Einbrecher in Deutschland

„Eldorado für Einbrecher in Deutschland“ 

Diese Aussage stammt vom Bund Deutscher Kriminalbeamter (BDK).

Es ist müßig darüber zu diskutieren, warum es ständig immer mehr Einbrüche und Einbrecher in Deutschland gibt und warum die Behörden und der Gesetzgeber offensichtlich nichts dagegen tun können. Ebenso ist es müßig zu fragen, wieso die „Tätergruppierungen“ der Einbrecher in Deutschland, die den Behörden durchaus bekannt sind, aus politischen Gründen nicht genannt werden dürfen. Seit 2007 haben wir „offene Grenzen“ und damit auch Reisefreiheit für Einbrecherbanden aus bestimmten osteuropäischen Ländern. Nur jeder dritte Einbruch wird von sogenannten Gelegenheitstätern begangen, z.B. Drogenabhängigen, die Bargeld brauchen. Zwei Drittel der Einbrüche gehen auf das Konto von organisierten Banden, die auch Ihre eigene Handschrift bei der Vorgehensweise hinterlassen. Als Beispiel seien die rumänischen Fensterbohrer genannt, die in grosser Anzahl Einbrüche in städtischen Wohngebieten vornehmen. Ihre Vorgehensweise ist charakteristisch: mit einem altertümlichen Handbohrer, wie es ihn bei uns kaum noch gibt, werden Fenster unterhalb des Griffes durchbohrt, dann wird der Griff mit einem Werkzeug von aussen geöffnet und der Täter steigt ein. Das Ganze findet lautlos statt, deswegen wird ein Handbohrer benutzt. Das Schlimme an der Geschichte ist, daß diese Einbrüche vorzugsweise nachts erfolgen, während die Bewohner zuhause sind und schlafen! Aussage der Polizei dazu: „Es ist besser, diesen Tätern nicht zu begegnen, ein Menschenleben zählt in diesen Kreisen nicht viel!“ Die Ermittler beobachten bei einem Teil der Einbrecher in Deutschland eine «neue Brutalität». Die Einbrecher in Deutschland können davon aus gehen, sowieso nicht geschnappt zu werden. Die Aufklärungsquote von nur 15,7 Prozent beim Einbruchdiebstahl ist dementsprechend auch erschreckend niedrig.

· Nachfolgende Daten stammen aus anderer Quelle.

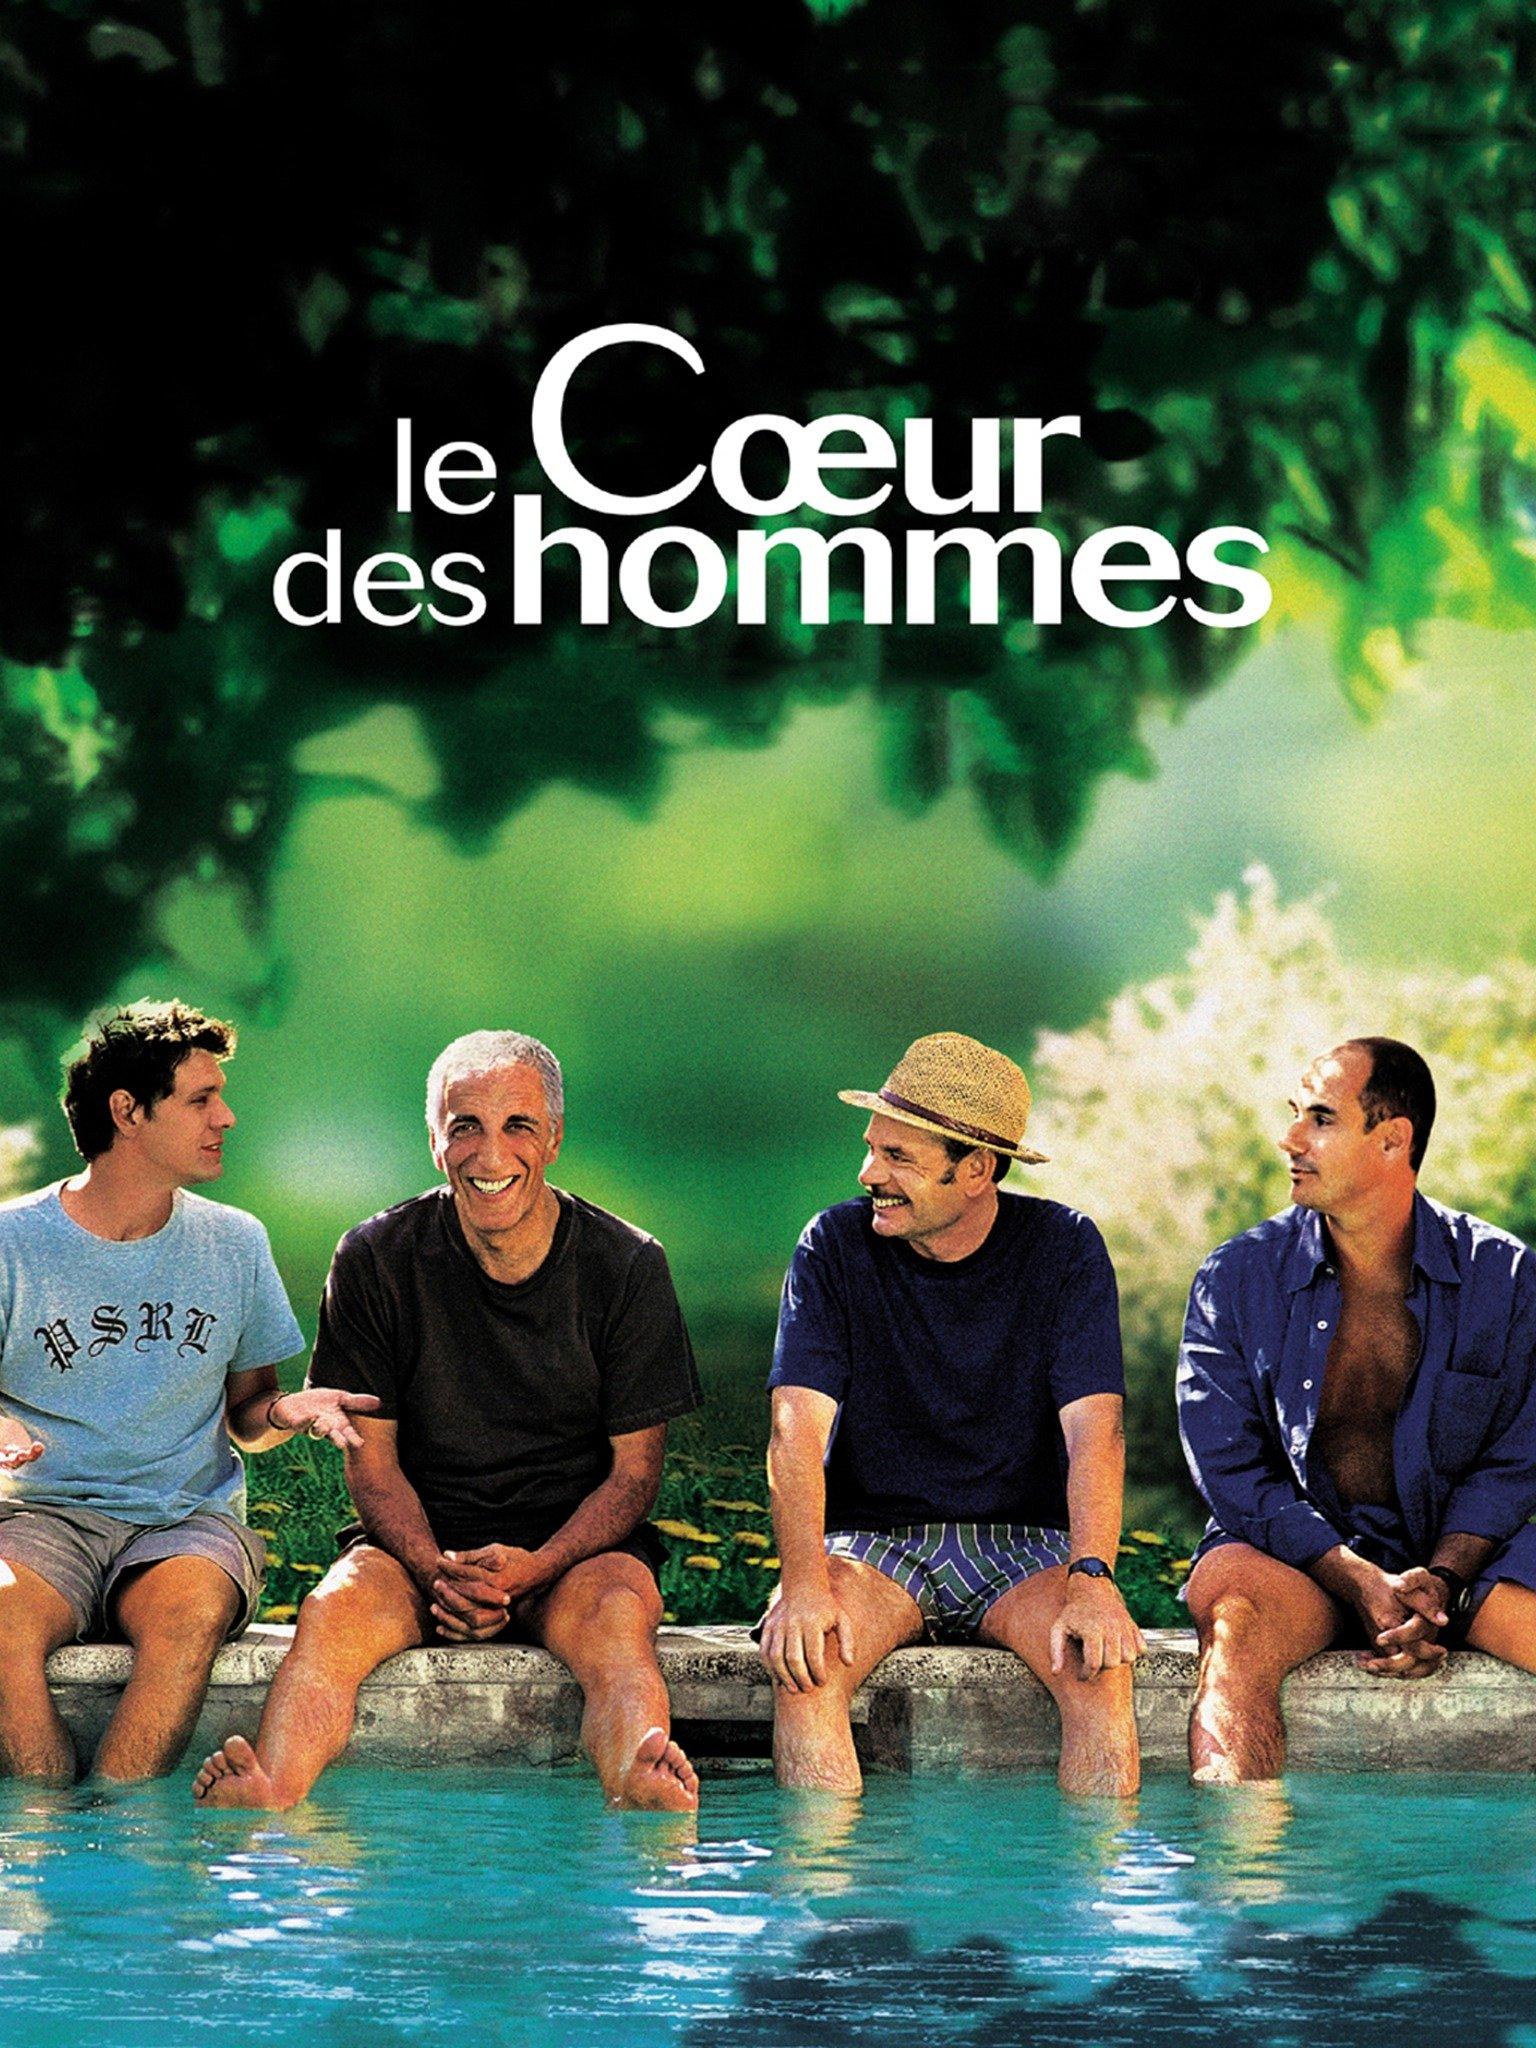 Le Coeur Des Hommes 3 Torrent : coeur, hommes, torrent, Coeur, Hommes, (2003), Rotten, Tomatoes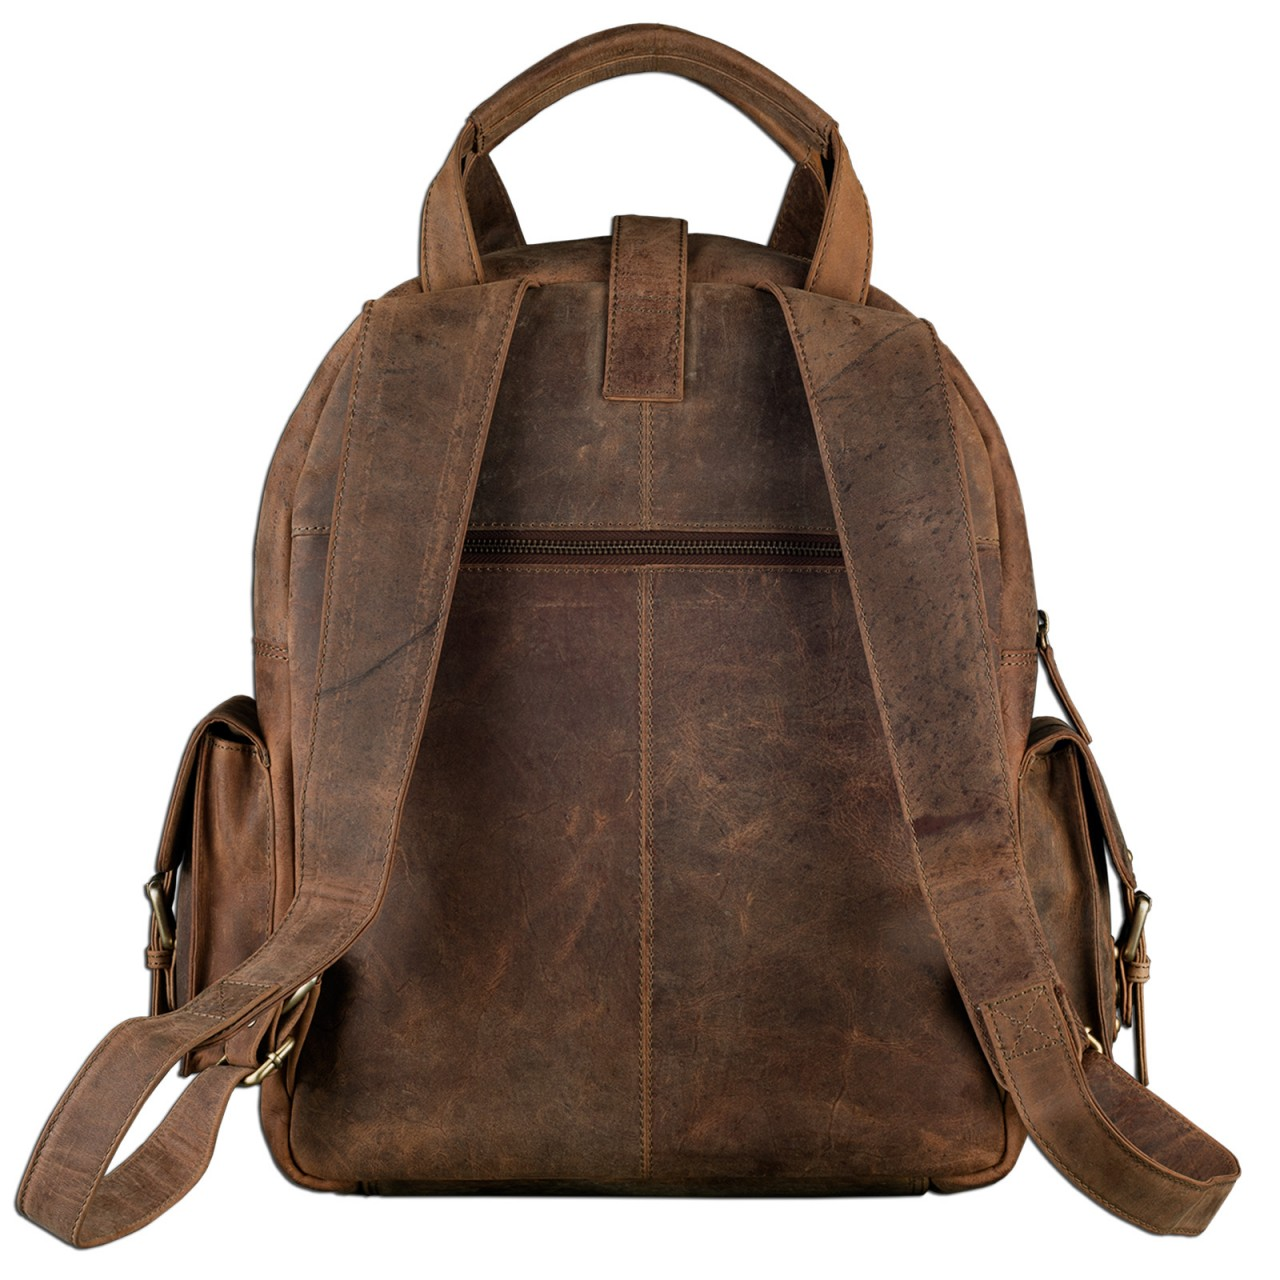 "STILORD ""Nevada"" Rucksack Leder groß im Vintage Design mit 13,3 Zoll Laptopfach Unisex Lederrucksack Uni Schule Lehrer Echtleder  - Bild 3"

Einbrecher in Deutschland: Wo ist es am schlimmsten?

In Bremen, Hamburg, Berlin, Köln und noch einigen anderen Städten befinden sich zur Zeit die „Hochburgen“ der Einbruchsdelikte, während es im Süden  Deutschlands, in Bayern und Baden-Württemberg, noch relativ ruhig ist. Mit Betonung auf NOCH!

Das Bundesland mit den meisten Einbrüchen ist übrigens Nordrhein-Westfalen! – Ein trauriger Rekord.

Anstatt sich auf einen besseren Schutz der Bürger durch die Politik zu verlassen, sollten die Bürger selber dem Einbrecher in Deutschland einen massiven Riegel vorschieben. Die Kriminalpolizei selbst fordert alle Hausbesitzer auf, aktiv Ihre Fenster und Türen gegen Einbruch zu schützen.

Jedermann kann sein Haus und seine Wohnung mit recht einfachen Maßnahmen gegen Einbrecher in Deutschland schützen und so „sicher wie eine Burg“ machen.

Über Einbruchschutz zu informieren und Einbrüche zunehmend unmöglich zu machen, ist das erklärte Ziel und die Aufgabe dieses Blogs!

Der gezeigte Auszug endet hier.